**Dataset section:**

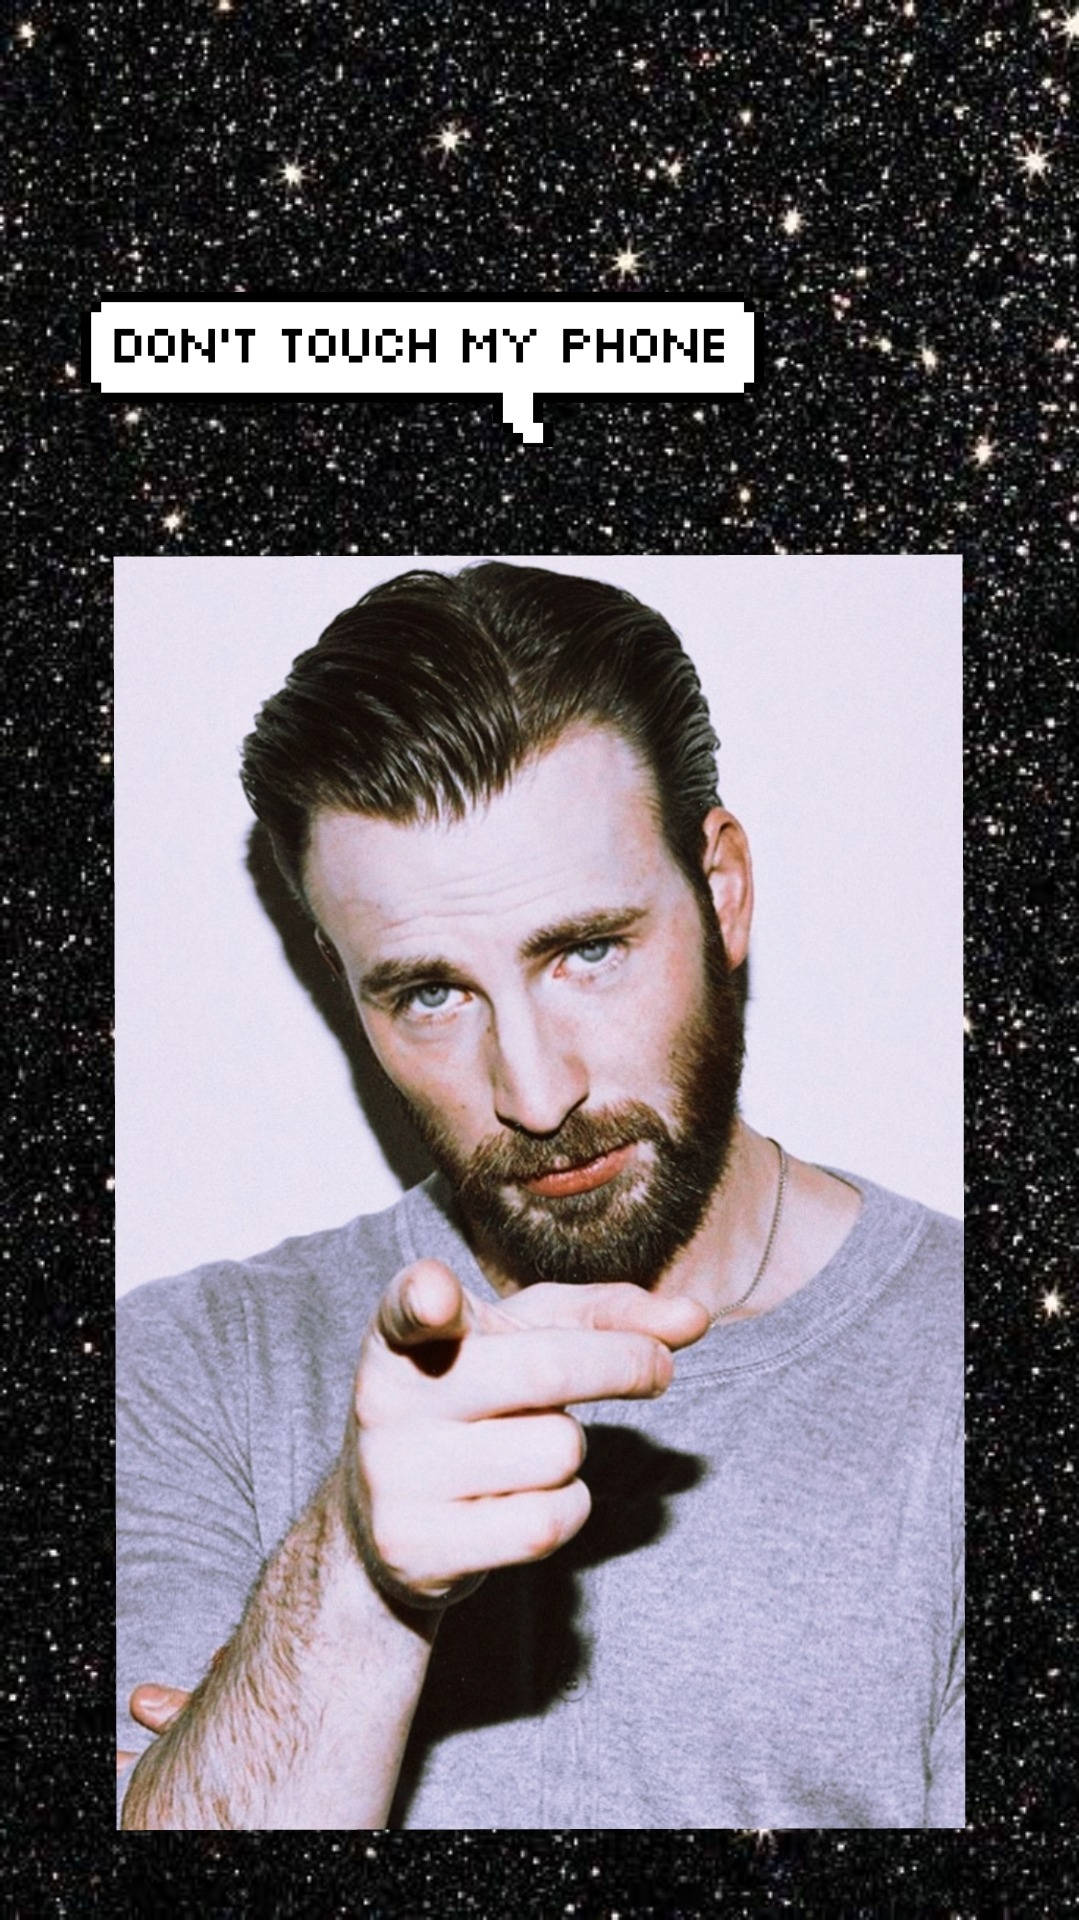 Chris Evans Don't Touch My Phone Wallpaper
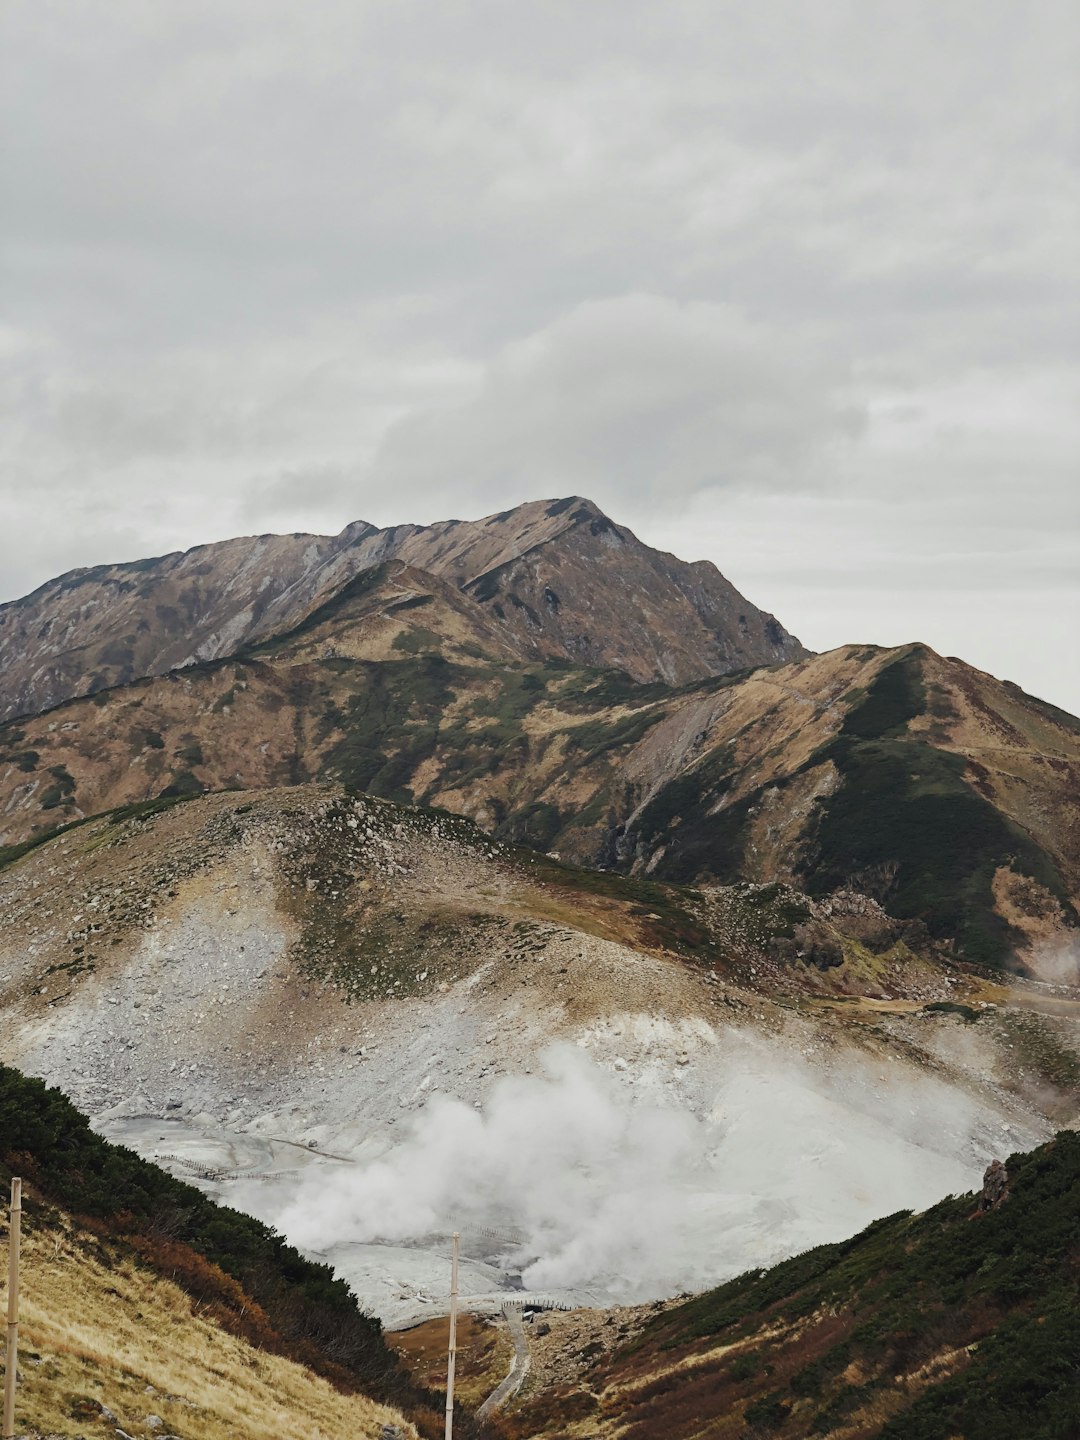 Travel Tips and Stories of Mount Tate in Japan
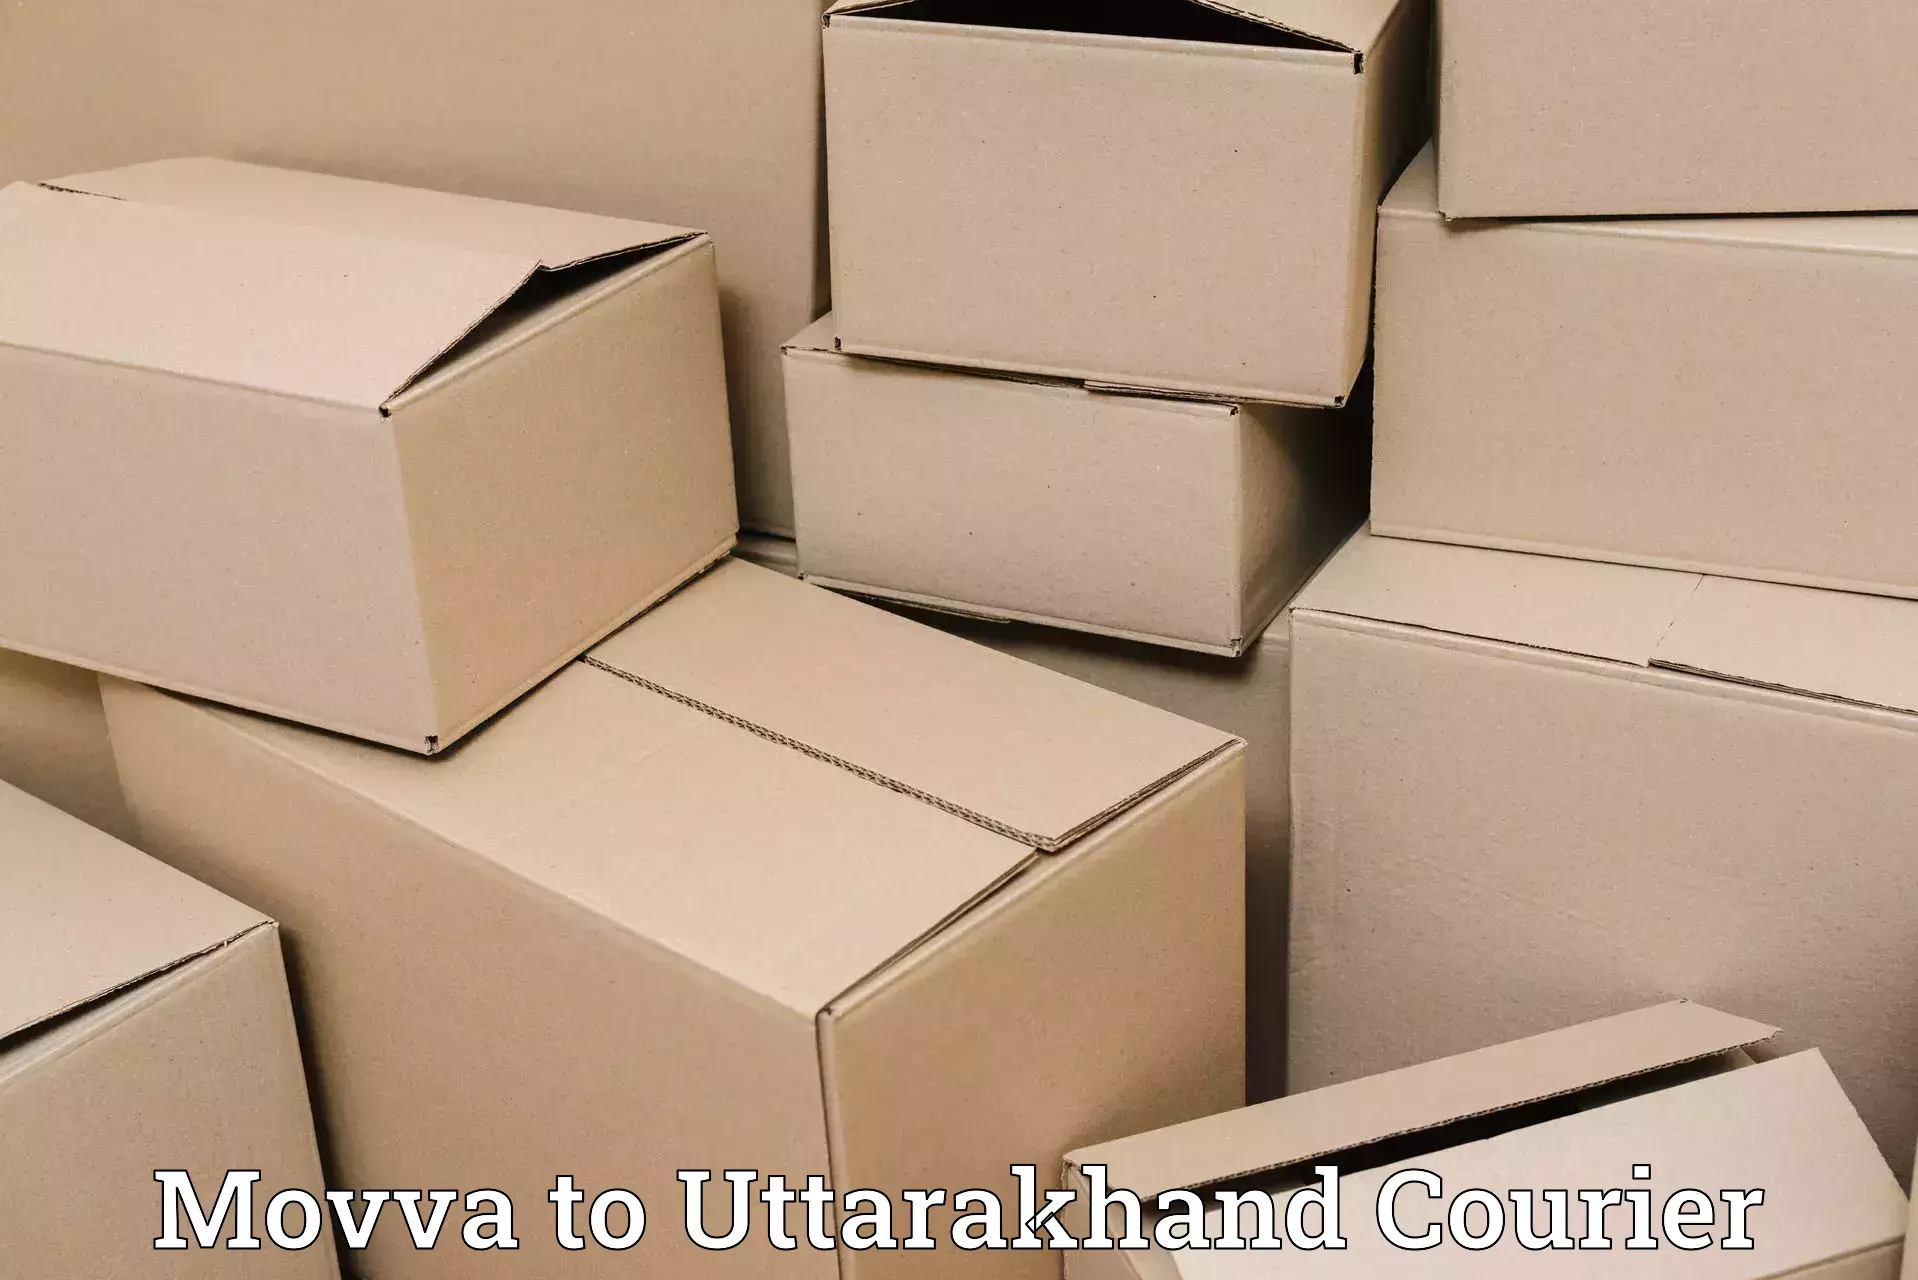 Online shipping calculator Movva to IIT Roorkee
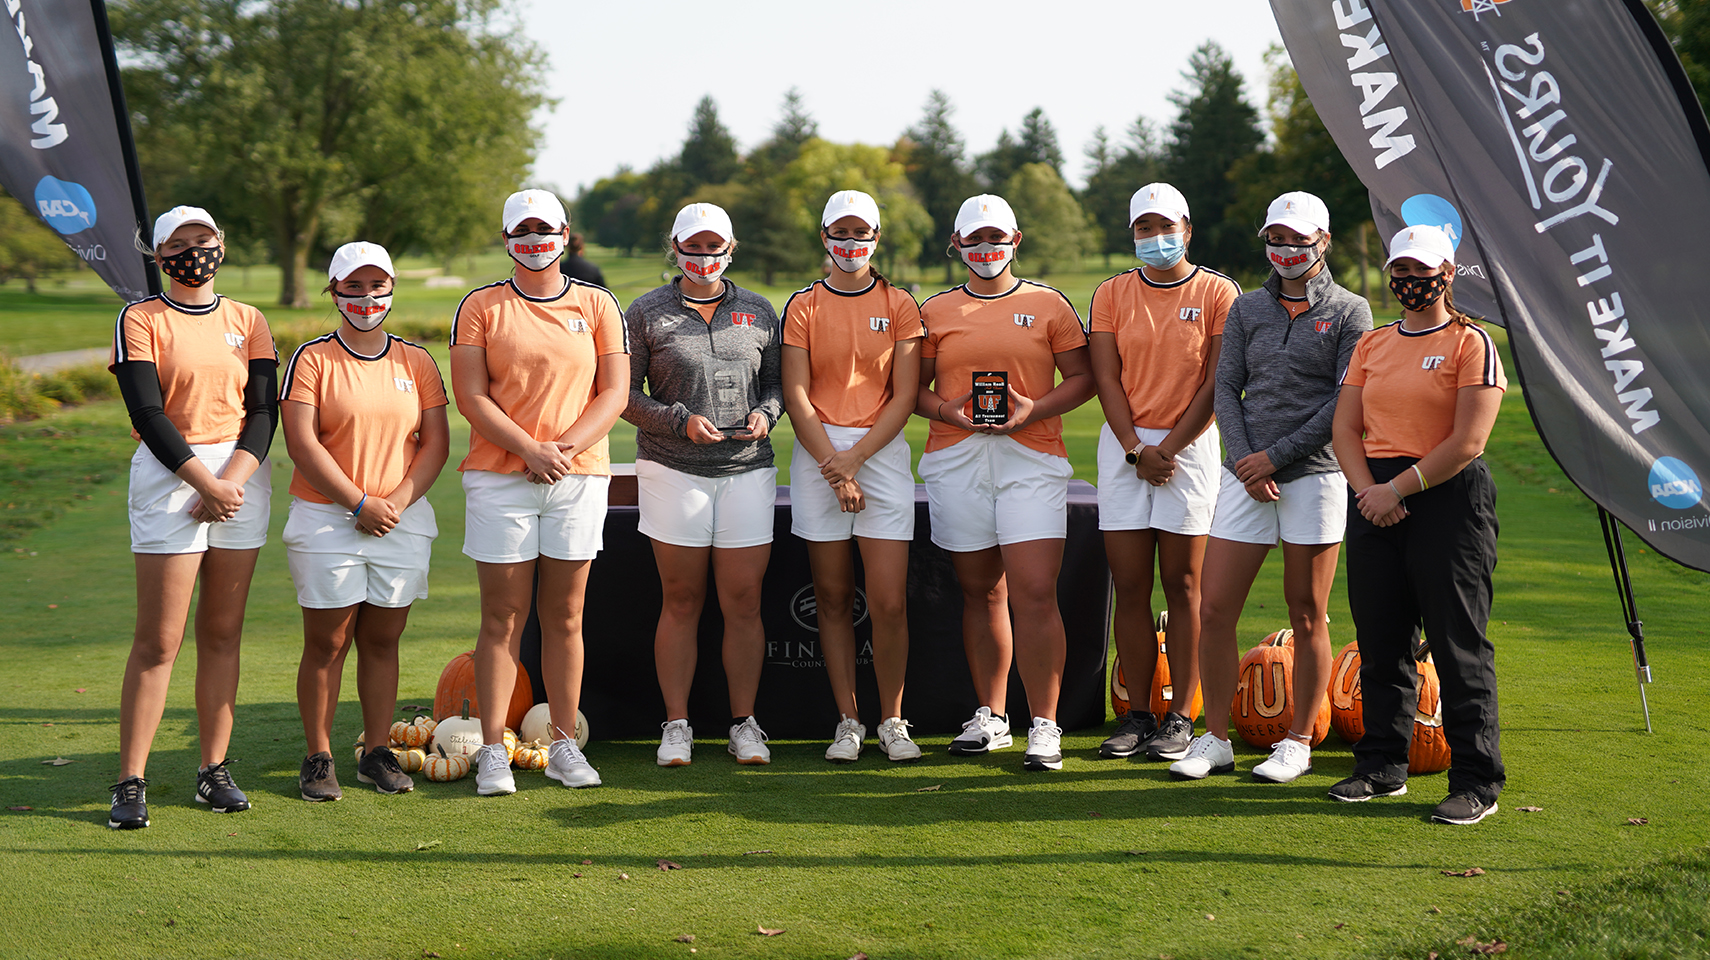 Women's Golf team with second place trophies.

**What you need to do:** The lines running from the one with "Travel Tips and" to the close of the material above are to be retyped exactly; no picture is to be included.

**Finished exercise:**
 Travel Tips and Stories of Mount Tate in Japan
 Online shipping calculator Movva to IIT Roorkee
 Women's Golf team with second place trophies.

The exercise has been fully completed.